Estado

Má decisão, fraca discussão

Uma decisão do Supremo dos EUA levanta um imediato debate público. Os jornais escrevem longamente sobre a sua substância e implicações; os políticos debatem livremente as suas causas e diferentes visões. Por cá, um importante chumbo do TC acaba sempre numa discussão pobre: ou se considera o Governo antidemocrático; ou se acusa os juízes de falta de bom senso.
O que está em causa naquele diploma é muito mais estrutural: é um sistema de valores e um caminho para o país. E o acórdão – que li – obriga-me a ser claro na discordância sobre o seu teor.

Os juízes do TC alegam que o diploma do Governo tem «falta de clareza» nos motivos para o despedimento. Diz mesmo que está «ausente da exposição de motivos da proposta de lei qualquer razão objectiva específica para a revogação da norma de salvaguarda» que protege o vínculo eterno dos funcionários.

Acho admissível que os juízes considerem que, para respeitar a justa causa definida na constituição, o Governo podia ser mais preciso nas razões identificadas para reestruturar a sua dimensão, os serviços e as pessoas (des)necessárias. Mas apresentar as razões de natureza orçamental como conjunturais é, na minha opinião, parecido com os jornalistas que escrevem sobre política sem se darem ao trabalho de ler, de fio a pavio, cada um dos relatórios da troika.

Ao longo do extenso acórdão, o facto de o país estar sob intervenção externa e sem financiamento autónomo para pagar os salários e pensões merece, aliás, apenas uma referência. E o Tratado Europeu, subscrito pelo Parlamento, que define o objectivo preciso de reduzir a dívida pública para 60%, que implica excedentes orçamentais persistentes, nem referência tem.

A crise, esta crise, não é conjuntural, será infelizmente duradoura. E na minha opinião isso implica mudar os instrumentos que o Estado tem à disposição para a sua recomposição. Admito que os juízes não concordem, mas acho que tinham o dever de, pelo menos, ponderar tanto isso no acórdão como as muitas opiniões de jurisconsultos que lá citam.
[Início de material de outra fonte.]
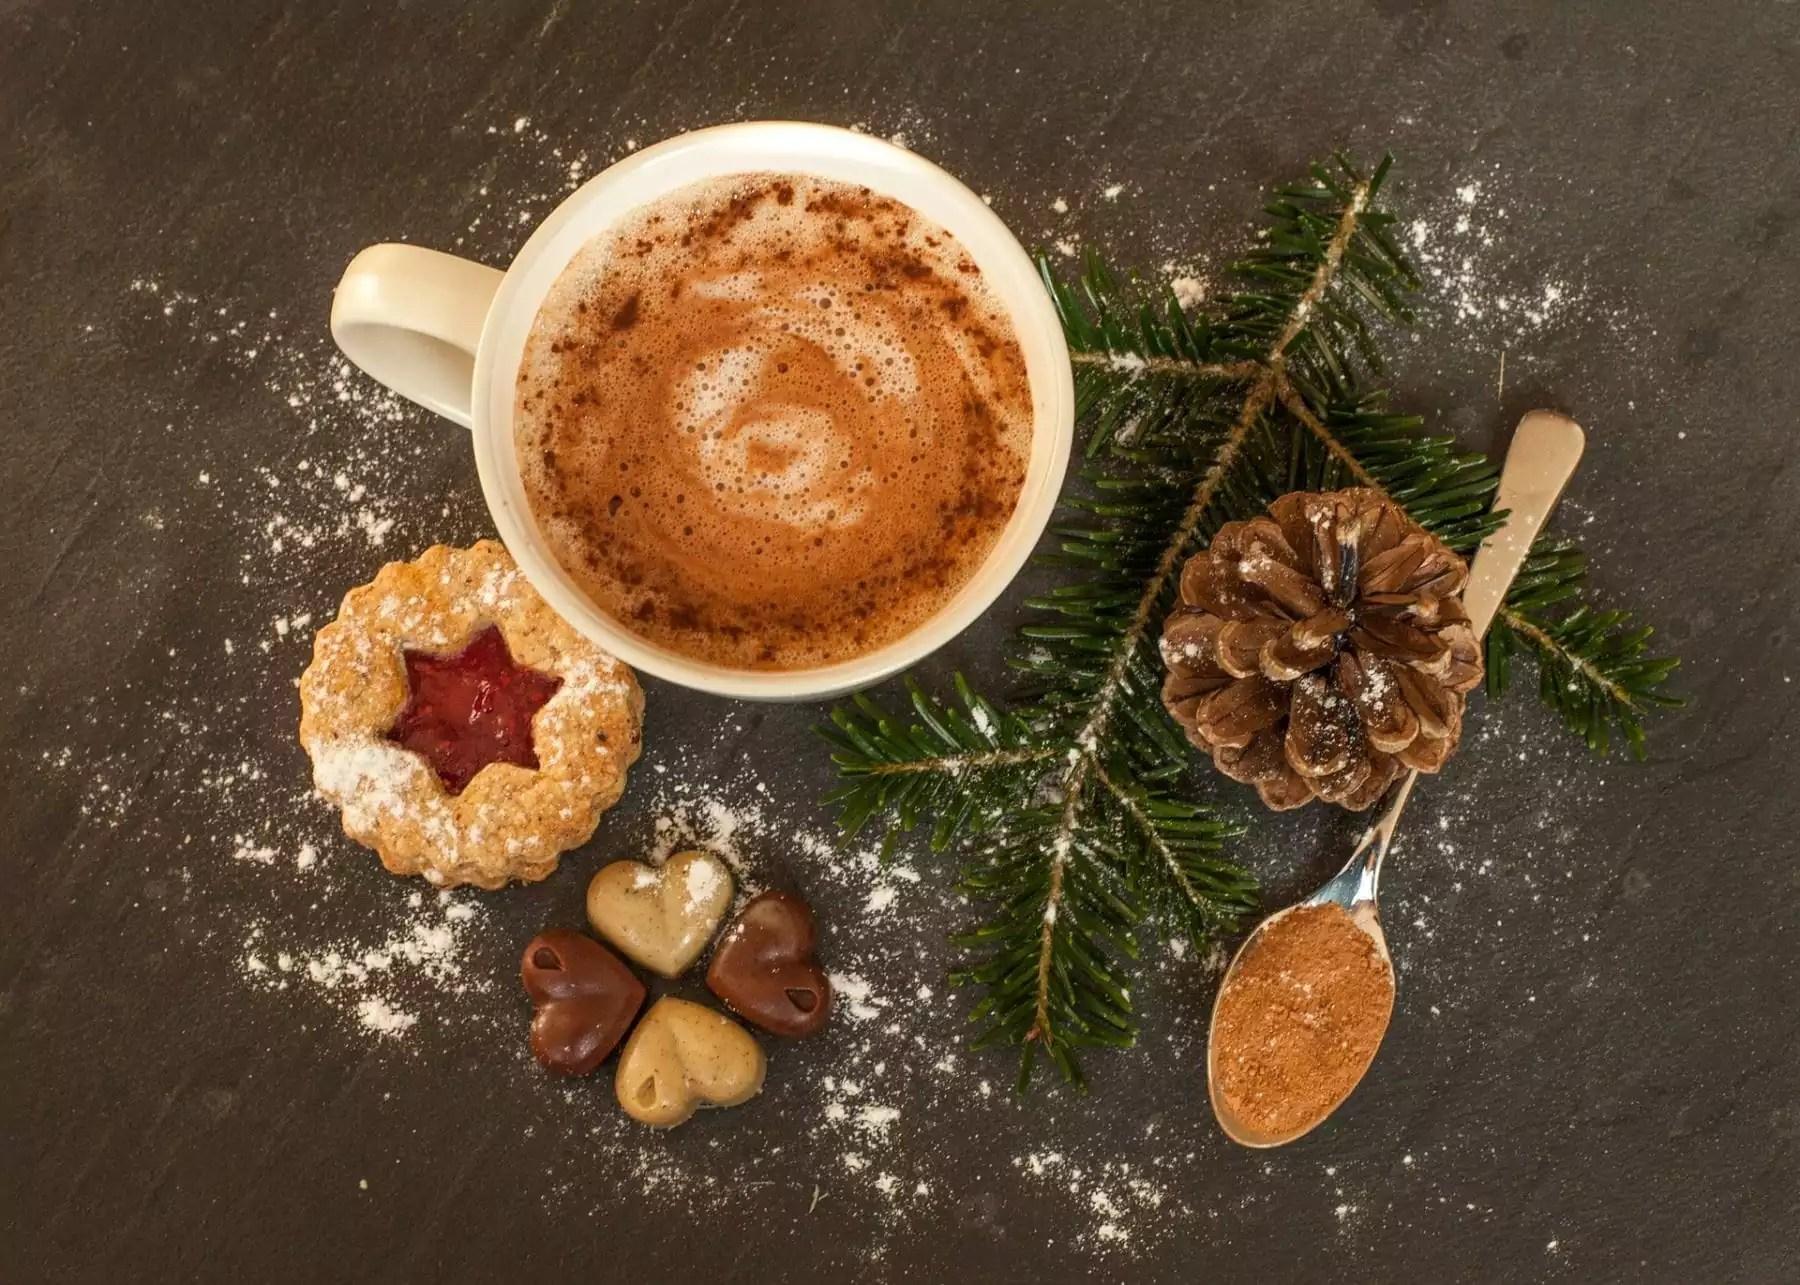 hot chocolate with festive treats

Mais: para o chumbo do segundo ponto da proposta, o TC argumenta com a lei de 2008 (pré-crise) que, alega, reforçou as expectativas dos funcionários já existentes nessa data de que não seriam despedidos. Mas, pergunto eu, se a Constituição não proíbe esse despedimento, por que não pode um Governo alterar agora a lei? Como perguntou já Vital Moreira: pode um direito adquirido nesta matéria prevalecer contra um interesse público imperioso? Para mim, o argumento não faz sentido – e abre um perigoso precedente.

Sou, portanto, claro: eu acho que o Estado deve poder (justificadamente) despedir pessoas. Acho até que os seus trabalhadores gozam hoje de dupla protecção. É que, mesmo podendo despedir livremente, nunca será a mesma coisa um despedimento feito pelo Estado ou um feito por um empresário. O empresário nunca terá de o explicar – senão talvez em tribunal; o Estado terá de explicá-lo sempre a triplicar: aos media, à oposição e ao eleitorado.

Por tudo isto, ao invés de criticar o juízes, é minha opinião que o Governo devia corrigir o possível e reapresentar a proposta. Não por confrontação. Mas por livre escolha política – é para isso que um Governo é eleito. Mesmo que depois perca.